**The task**
From the first line to the last, copy the data exactly.

(Dataset excerpts)
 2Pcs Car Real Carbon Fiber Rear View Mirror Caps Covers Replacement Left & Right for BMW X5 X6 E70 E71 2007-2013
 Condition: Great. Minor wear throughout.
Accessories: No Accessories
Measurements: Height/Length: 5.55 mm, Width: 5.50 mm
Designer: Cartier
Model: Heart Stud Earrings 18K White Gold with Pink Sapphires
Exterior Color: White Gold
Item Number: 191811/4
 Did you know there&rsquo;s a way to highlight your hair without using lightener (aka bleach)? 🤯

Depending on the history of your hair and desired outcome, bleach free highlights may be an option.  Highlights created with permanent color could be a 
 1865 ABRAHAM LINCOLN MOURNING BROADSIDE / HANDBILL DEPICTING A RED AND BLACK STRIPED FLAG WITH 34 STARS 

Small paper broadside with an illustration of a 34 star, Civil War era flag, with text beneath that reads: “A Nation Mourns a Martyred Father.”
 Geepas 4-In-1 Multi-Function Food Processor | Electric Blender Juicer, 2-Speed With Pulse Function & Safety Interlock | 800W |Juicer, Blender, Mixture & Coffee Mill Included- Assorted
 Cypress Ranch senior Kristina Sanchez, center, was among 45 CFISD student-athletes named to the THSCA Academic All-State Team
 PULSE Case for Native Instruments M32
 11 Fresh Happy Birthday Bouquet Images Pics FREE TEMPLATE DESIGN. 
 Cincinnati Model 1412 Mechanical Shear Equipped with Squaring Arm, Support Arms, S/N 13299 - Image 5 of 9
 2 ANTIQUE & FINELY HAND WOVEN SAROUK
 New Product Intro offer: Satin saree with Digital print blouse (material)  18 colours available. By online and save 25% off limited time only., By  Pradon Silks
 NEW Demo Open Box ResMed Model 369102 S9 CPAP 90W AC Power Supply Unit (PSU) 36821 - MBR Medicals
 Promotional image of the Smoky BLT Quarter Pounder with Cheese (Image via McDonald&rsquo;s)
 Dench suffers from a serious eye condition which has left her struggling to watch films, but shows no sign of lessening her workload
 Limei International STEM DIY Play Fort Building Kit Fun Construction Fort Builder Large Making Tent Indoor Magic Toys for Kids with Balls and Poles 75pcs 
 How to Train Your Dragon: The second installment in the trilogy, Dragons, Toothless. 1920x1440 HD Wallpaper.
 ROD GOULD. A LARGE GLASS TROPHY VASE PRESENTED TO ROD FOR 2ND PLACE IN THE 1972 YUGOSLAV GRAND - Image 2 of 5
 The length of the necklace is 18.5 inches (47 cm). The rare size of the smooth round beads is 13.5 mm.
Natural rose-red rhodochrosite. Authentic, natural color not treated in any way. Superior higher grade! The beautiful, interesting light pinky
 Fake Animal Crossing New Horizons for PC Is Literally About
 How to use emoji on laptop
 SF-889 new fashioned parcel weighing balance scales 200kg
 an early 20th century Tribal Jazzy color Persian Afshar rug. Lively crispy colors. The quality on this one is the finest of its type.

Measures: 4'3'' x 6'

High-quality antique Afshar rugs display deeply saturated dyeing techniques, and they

**Answer for this exercise**
 2Pcs Car Real Carbon Fiber Rear View Mirror Caps Covers Replacement Left & Right for BMW X5 X6 E70 E71 2007-2013
 Condition: Great. Minor wear throughout.
Accessories: No Accessories
Measurements: Height/Length: 5.55 mm, Width: 5.50 mm
Designer: Cartier
Model: Heart Stud Earrings 18K White Gold with Pink Sapphires
Exterior Color: White Gold
Item Number: 191811/4
 Did you know there&rsquo;s a way to highlight your hair without using lightener (aka bleach)? 🤯

Depending on the history of your hair and desired outcome, bleach free highlights may be an option.  Highlights created with permanent color could be a 
 1865 ABRAHAM LINCOLN MOURNING BROADSIDE / HANDBILL DEPICTING A RED AND BLACK STRIPED FLAG WITH 34 STARS 

Small paper broadside with an illustration of a 34 star, Civil War era flag, with text beneath that reads: “A Nation Mourns a Martyred Father.”
 Geepas 4-In-1 Multi-Function Food Processor | Electric Blender Juicer, 2-Speed With Pulse Function & Safety Interlock | 800W |Juicer, Blender, Mixture & Coffee Mill Included- Assorted
 Cypress Ranch senior Kristina Sanchez, center, was among 45 CFISD student-athletes named to the THSCA Academic All-State Team
 PULSE Case for Native Instruments M32
 11 Fresh Happy Birthday Bouquet Images Pics FREE TEMPLATE DESIGN. 
 Cincinnati Model 1412 Mechanical Shear Equipped with Squaring Arm, Support Arms, S/N 13299 - Image 5 of 9
 2 ANTIQUE & FINELY HAND WOVEN SAROUK
 New Product Intro offer: Satin saree with Digital print blouse (material)  18 colours available. By online and save 25% off limited time only., By  Pradon Silks
 NEW Demo Open Box ResMed Model 369102 S9 CPAP 90W AC Power Supply Unit (PSU) 36821 - MBR Medicals
 Promotional image of the Smoky BLT Quarter Pounder with Cheese (Image via McDonald&rsquo;s)
 Dench suffers from a serious eye condition which has left her struggling to watch films, but shows no sign of lessening her workload
 Limei International STEM DIY Play Fort Building Kit Fun Construction Fort Builder Large Making Tent Indoor Magic Toys for Kids with Balls and Poles 75pcs 
 How to Train Your Dragon: The second installment in the trilogy, Dragons, Toothless. 1920x1440 HD Wallpaper.
 ROD GOULD. A LARGE GLASS TROPHY VASE PRESENTED TO ROD FOR 2ND PLACE IN THE 1972 YUGOSLAV GRAND - Image 2 of 5
 The length of the necklace is 18.5 inches (47 cm). The rare size of the smooth round beads is 13.5 mm.
Natural rose-red rhodochrosite. Authentic, natural color not treated in any way. Superior higher grade! The beautiful, interesting light pinky
 Fake Animal Crossing New Horizons for PC Is Literally About
 How to use emoji on laptop
 SF-889 new fashioned parcel weighing balance scales 200kg
 an early 20th century Tribal Jazzy color Persian Afshar rug. Lively crispy colors. The quality on this one is the finest of its type.

Measures: 4'3'' x 6'

High-quality antique Afshar rugs display deeply saturated dyeing techniques, and they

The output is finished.